Reasoning on Multiple Needles In A Haystack
Yidong Wang
TL;DR
This work addresses the challenge that long-context reasoning benchmarks like MNIAH-R are undermined by memory-based answering and context-length degradation. It首先 filters questions to ensure answers rely on provided supporting documents, then analyzes why accuracy declines as context grows, finding that shorter thinking chains—not needle placement—drive the drop. The authors propose a retrieval–reasoning decomposition with a reflection-based, iterative loop (the 4R/ retrieval-reflection framework) and demonstrate its effectiveness by training an iterative-thinking model that substantially reduces performance decline. They further apply this capability to mathematical reasoning, notably improving GPT-4o’s AIME 2024 pass@1 when using the retriever-reflection approach.
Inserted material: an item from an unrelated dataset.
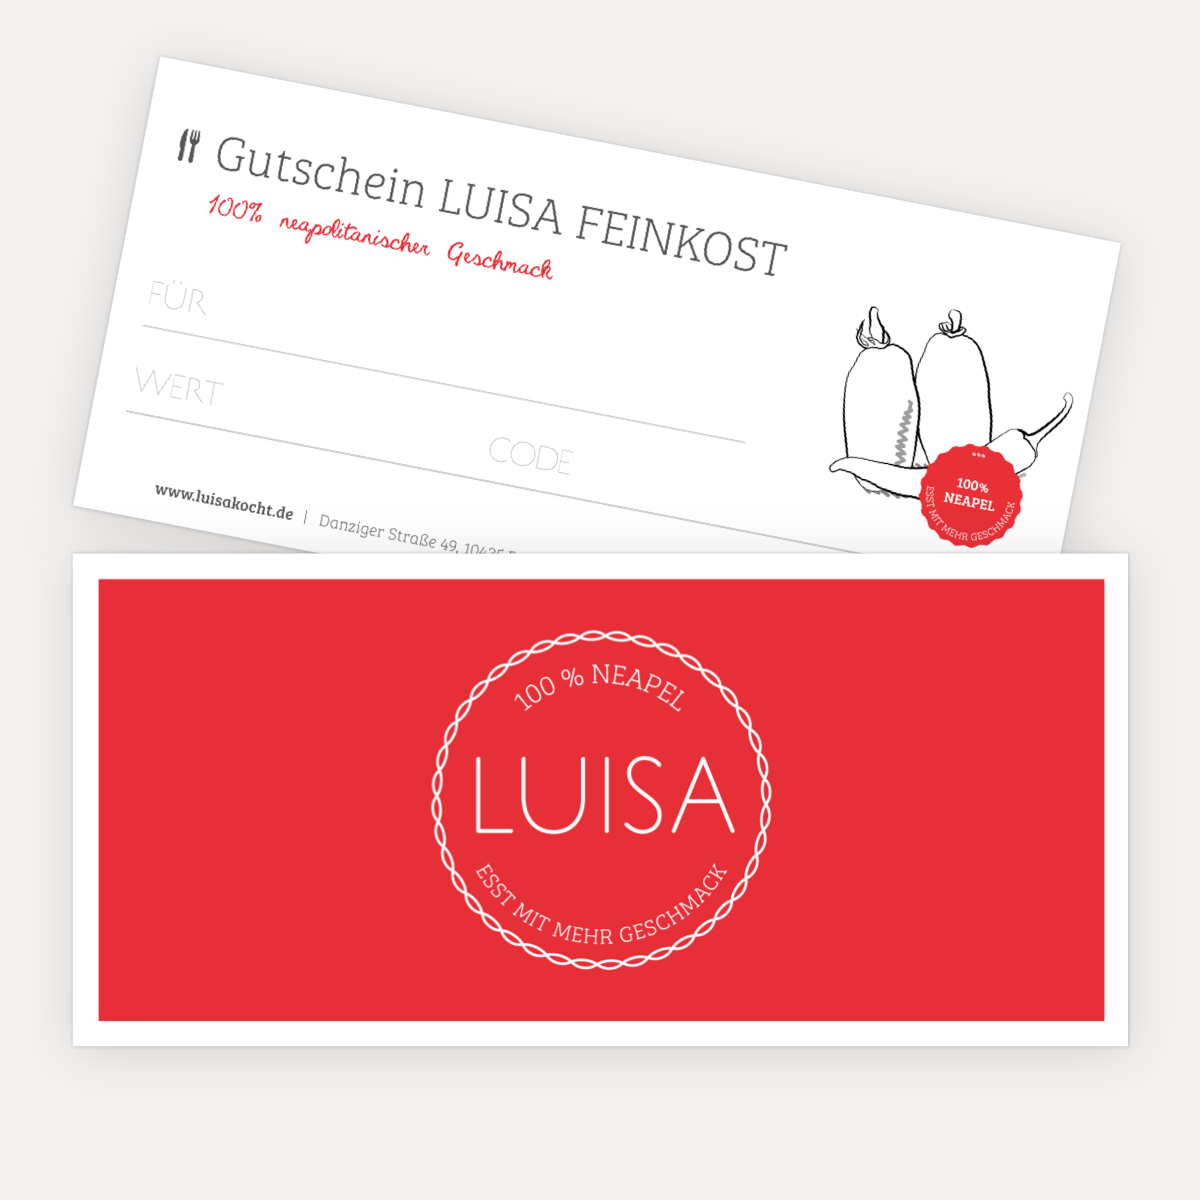 Gutschein für Feinkost - Italienische Feinkost - Lebensmittel Lieferservice - LuisaKocht Shop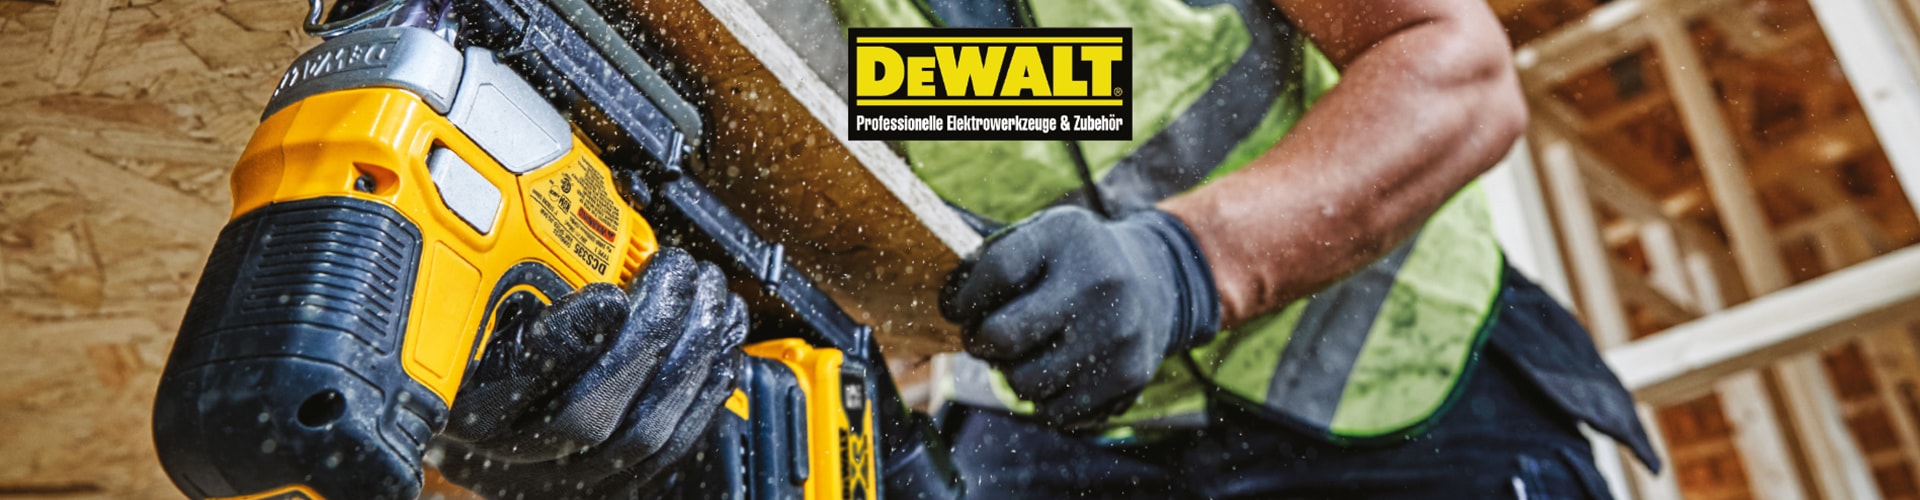 DeWalt Elektrowerkzeuge von DEXIS Austria für Profis

Overall, the paper offers a practical pathway to robust long-context reasoning through explicit thinking processes and iterative refinement, with demonstrated gains on both MNIAH-R and mathematical tasks.
Abstract
The Needle In A Haystack (NIAH) task has been widely used to evaluate the long-context question-answering capabilities of Large Language Models (LLMs). However, its reliance on simple retrieval limits its effectiveness. To address this limitation, recent studies have introduced the Multiple Needles In A Haystack Reasoning (MNIAH-R) task, which incorporates supporting documents (Multiple needles) of multi-hop reasoning tasks into a distracting context (Haystack}). Despite this advancement, existing approaches still fail to address the issue of models providing direct answers from internal knowledge, and they do not explain or mitigate the decline in accuracy as context length increases. In this paper, we tackle the memory-based answering problem by filtering out direct-answer questions, and we reveal that performance degradation is primarily driven by the reduction in the length of the thinking process as the input length increases. Building on this insight, we decompose the thinking process into retrieval and reasoning stages and introduce a reflection mechanism for multi-round extension. We also train a model using the generated iterative thinking process, which helps mitigate the performance degradation. Furthermore, we demonstrate the application of this retrieval-reflection capability in mathematical reasoning scenarios, improving GPT-4o's performance on AIME2024.